The Africa Bureau for Population, Health and Nutrition of the U.S. Agency for International Development (USAID) funded this report to highlight how changes in the legal and regulatory environment can facilitate expanded access to family planning (FP) and reproductive health (RH) services through Africa’s private health sector. Using laws and regulations from three Africa countries – Ethiopia, Kenya and Nigeria – this report presents a “road map” on how to review the most important laws governing the private sector, as well as key issues to assess. Although the report focuses on policy reforms to increase private sector participation in the overall health system, these changes will also benefit critical health services such as FP, RH, Maternal and Child Health (MCH) as well as HIV/AIDS.

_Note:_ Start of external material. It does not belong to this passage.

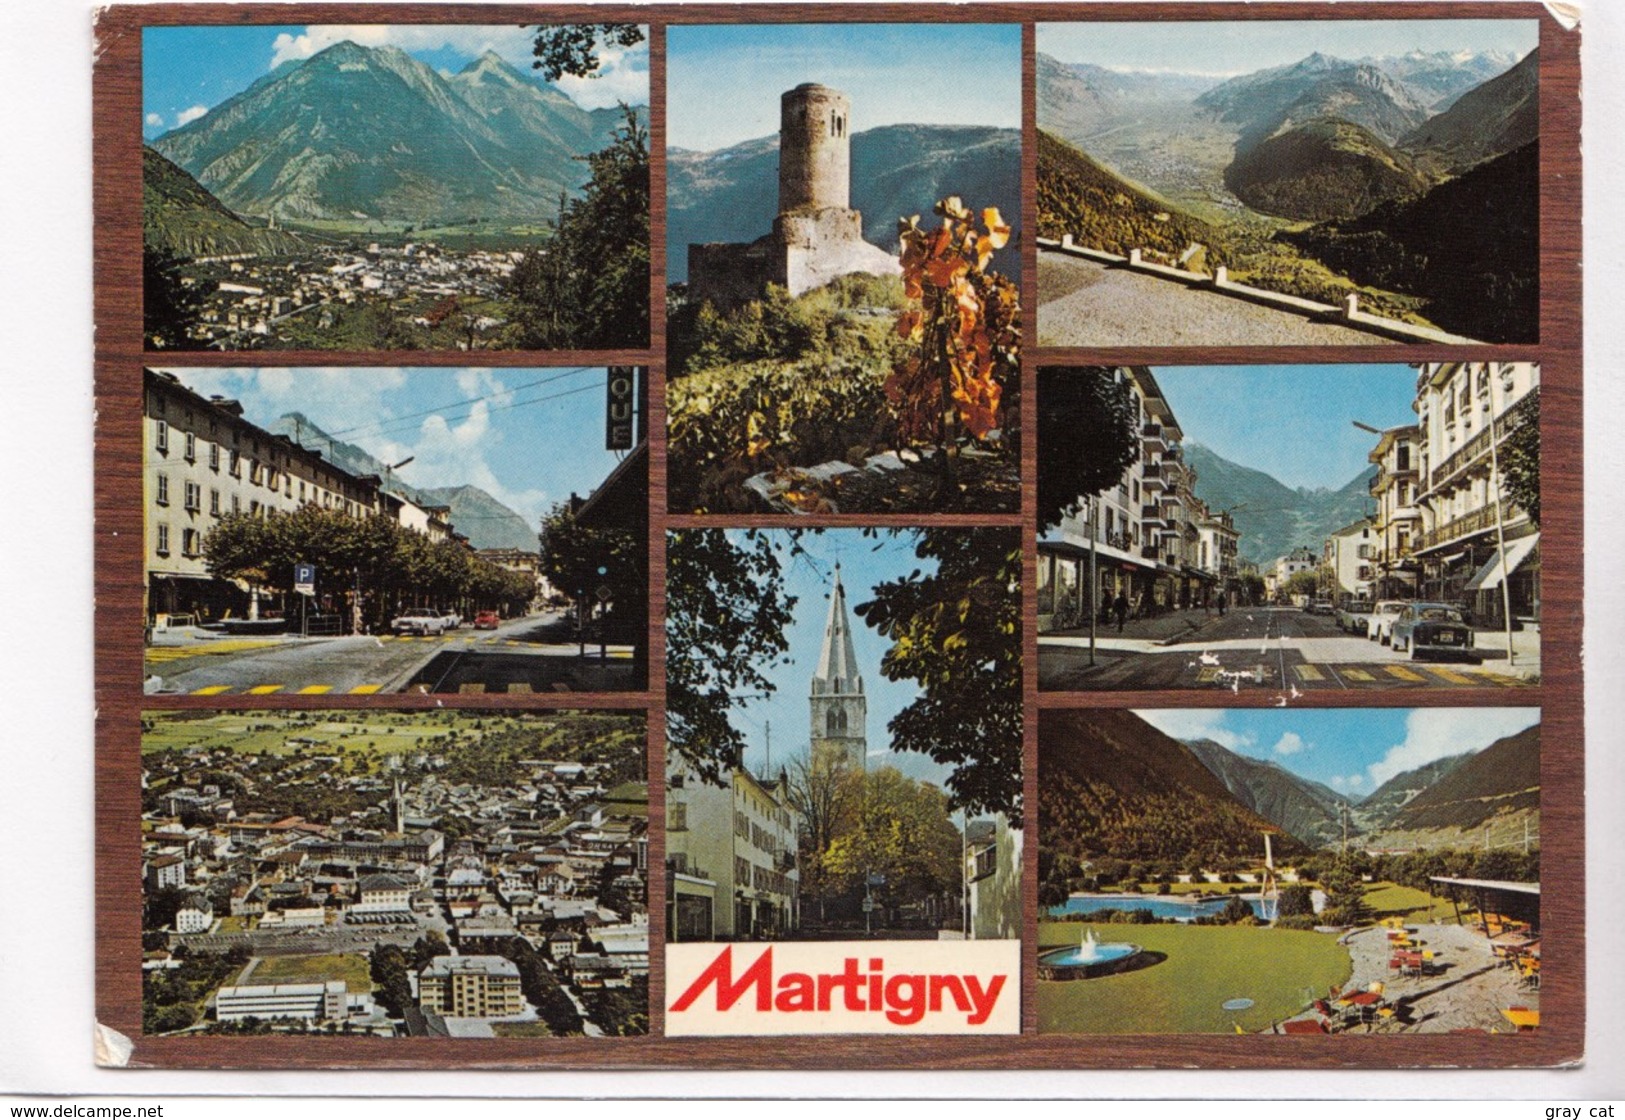 Martigny, Valais, Switzerland, 1974 Used Postcard [22351] - Martigny
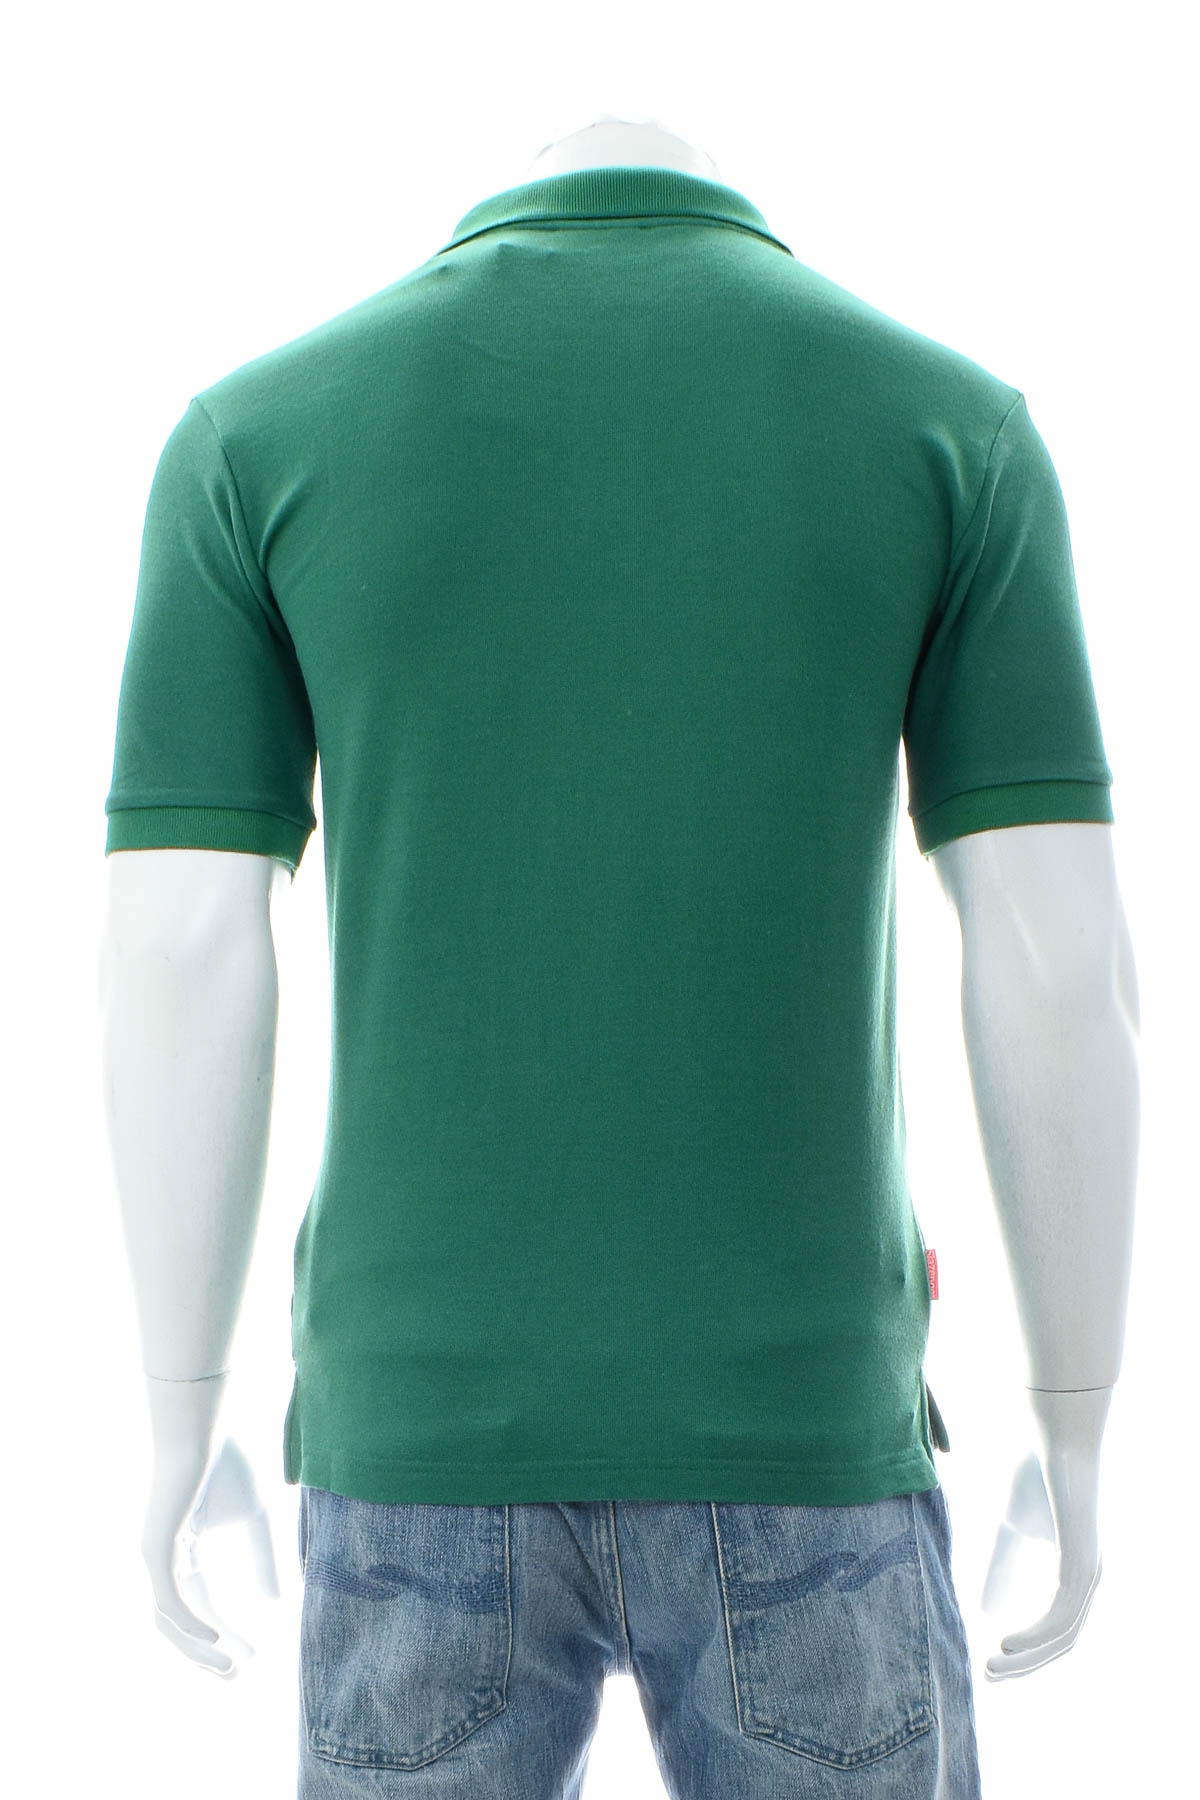 Men's T-shirt - Slazenger - 1

FINDING MIDDLE GROUND THROUGH GOVERNMENT STEWARDSHIP

One of the government’s key stewardship functions is to create a supportive environment for public and private health sector collaboration. Policies, laws, and regulations are important instruments for this purpose. However, many underlying factors must be addressed. They include:

  • Mutual distrust between the public and private sectors
  • Outdated, inadequate or counterproductive regulation
  • Ineffective enforcement
  • Little reward or encouragement for higher quality care or better access
  • Lack of understanding of public-sector business requirements by the public sector

The challenge is to find a middle ground that considers both sectors’ perspectives and concerns and imposes the proper degree of regulation. Reaching a middle ground requires consulting all the parties affected by the regulation and integrating their perspective and concerns while ensuring patient safety and protection. Too much regulation can inhibit private sector interest, while insufficient regulatory enforcement can expose patients to dangerous medical care and unsafe medicines. Stewardship entails striking the right balance of the appropriate degree of regulation and adequate enforcement, given institutional capacity and budgetary constraints.